Hello and Welcome to the new Phoenix Coyotes blog at Hockeybuzz. If you are reading this, then this may be the most viewed Phoenix Coyotes blog on the internet. And, while I am joking, the Phoenix Coyotes probably really are the most under-appreciated and least covered team in the sport. This despite having at least two world-class players on the roster, and, potentially, the best group of young defensemen ever assembled. Perhaps that is a little hyperbolic, but if so, only a little – the defense is that good. (More on that next time).

Coverage of the Coyotes is not good. What exists is of a high quality level, but it is hard to find and there isn’t that much of it. As for the mainstream media’s coverage of the team, it’s a joke. As a west-coast team playing games that start late on the east-coast, they are already at a disadvantage in a league whose premier franchises – but that doesn’t mean their best teams – all play their games in Eastern Standard Time.

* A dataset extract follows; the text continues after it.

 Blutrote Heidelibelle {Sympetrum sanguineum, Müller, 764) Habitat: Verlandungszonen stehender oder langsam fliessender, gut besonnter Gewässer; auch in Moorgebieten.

Add to this fact the perennial questions of team ownership and future location, their 2012-13 ranking of 29th in league attendance (hockeyattendance.com), a lack of marquee scorers, no championships to speak of, and that the team is not actually playing in downtown Phoenix, but a 20/30 minute drive out to Glendale, and you start to get a picture of why the Coyotes are – despite playing in one of the largest and fastest growing markets in the USA – considered a small-market NHL team and an afterthought to most hockey fans.

A quick look at the Arizona Republic website (apparently one of the most circulated newspapers in the country) seems to rank the Coyotes as somewhere near the high-school basketball team and below the college football team, in terms of importance to the local sports scene.

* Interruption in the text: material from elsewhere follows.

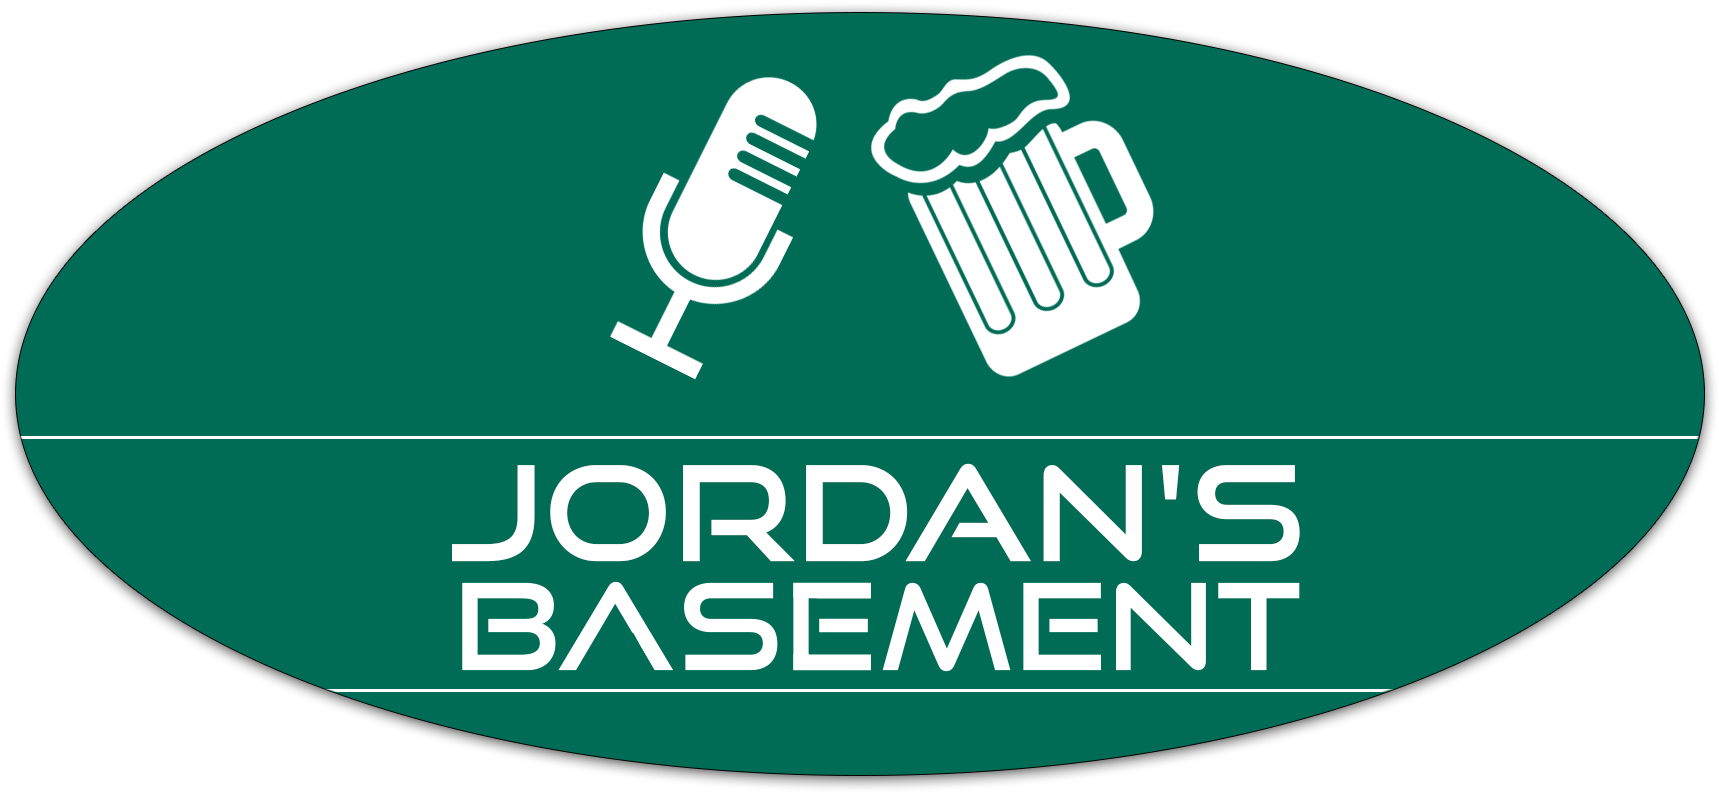 Jordan's Basement (1892x1462), Png Download

In spite of a general sense of apathy surrounding the team (outside of its die-hards, of course) I am going to do my best to provide readers at Hockeybuzz with a unique and interesting perspective on the team. Granted, just by existing at all, it will be unique, but I hope to bring a perspective grounded in logic, and not hampered by conventional thinking, to the most under-appreciated team in pro sports.

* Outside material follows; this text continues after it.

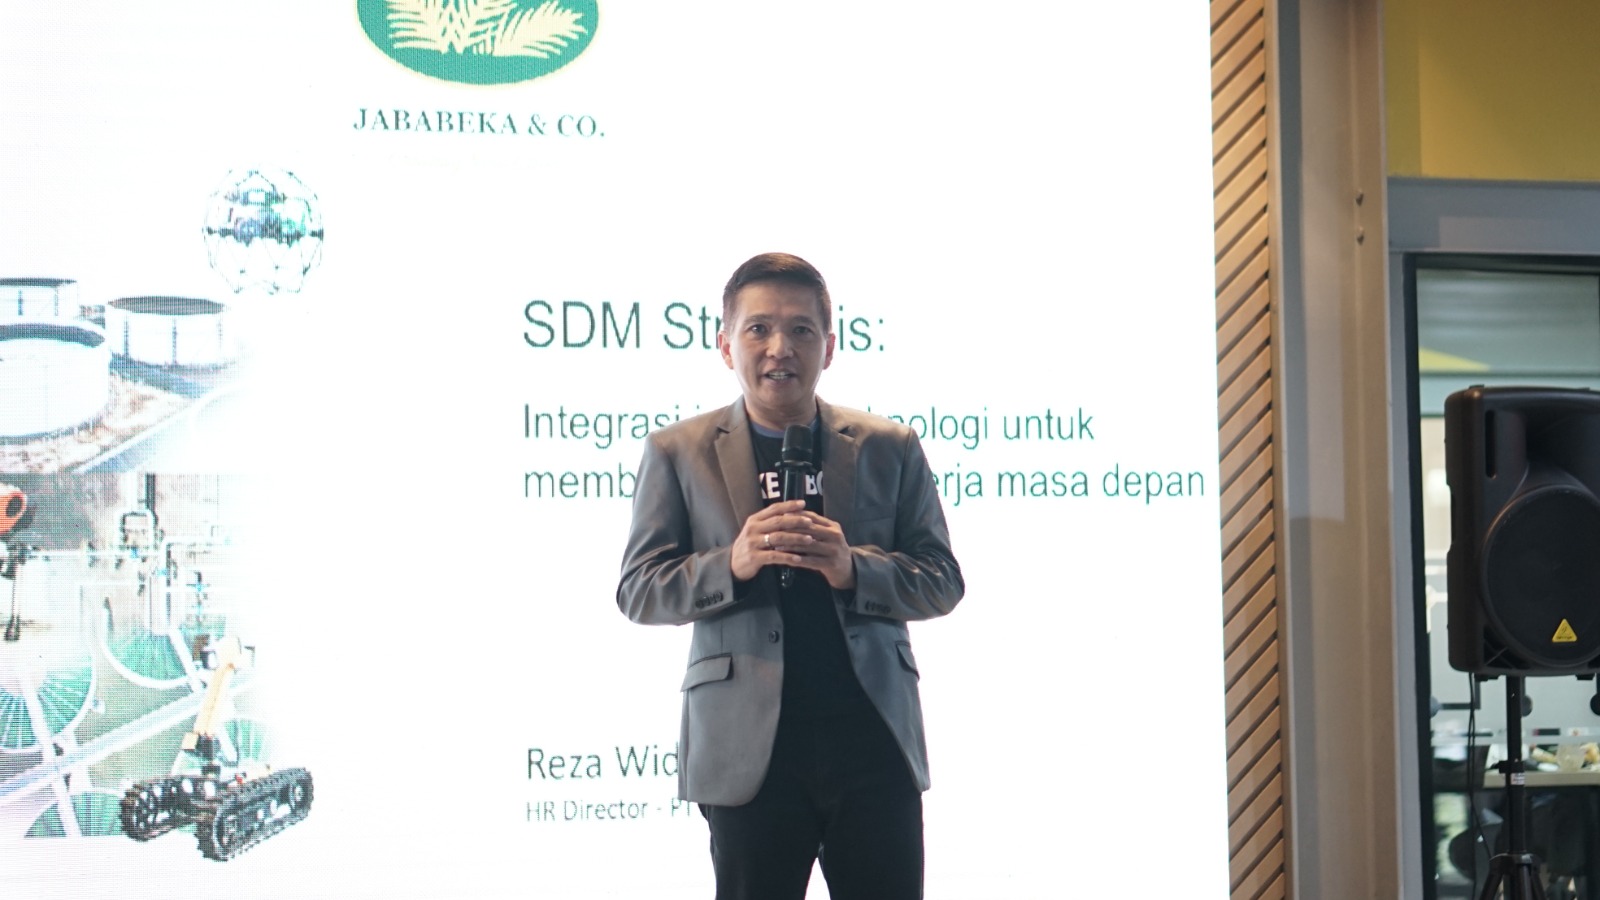 SDM Strategis: Mengintegrasikan Inovasi Teknologi untuk Membangun Tenaga Kerja Masa Depan

At the very least I will be the first sports writer in history to avoid having any puns in the article headlines. That means there won’t be any articles entitled “Doan-t Go There: Should the Coyotes Trade Their Captain?” which, even without the pun, will never happen because the Coyotes should never, ever, trade the one player people associate with their franchise. I won’t even consider the possibility.

It is, I think, quite interesting that this blog is being written the day after the Coyotes played the Leafs, a team which is the complete opposite of everything in Phoenix. In Toronto, a player who plays on the fourth line will be recognized as a celebrity on the street. Old-school goon Colton Orr is probably better known to casual hockey fans than potential 2014 Norris Trophy Winner Oliver Ekman-Larsson.

If Larsson played in Toronto he would be one of the most famous players in the NHL, just slightly less revered than Bobby Orr; the media covering the NHL never does justice to players on the west-coast: Marc- Edourd Vlasic faces the same problem as Larsson while playing for the infinitely more high profile San Jose Sharks.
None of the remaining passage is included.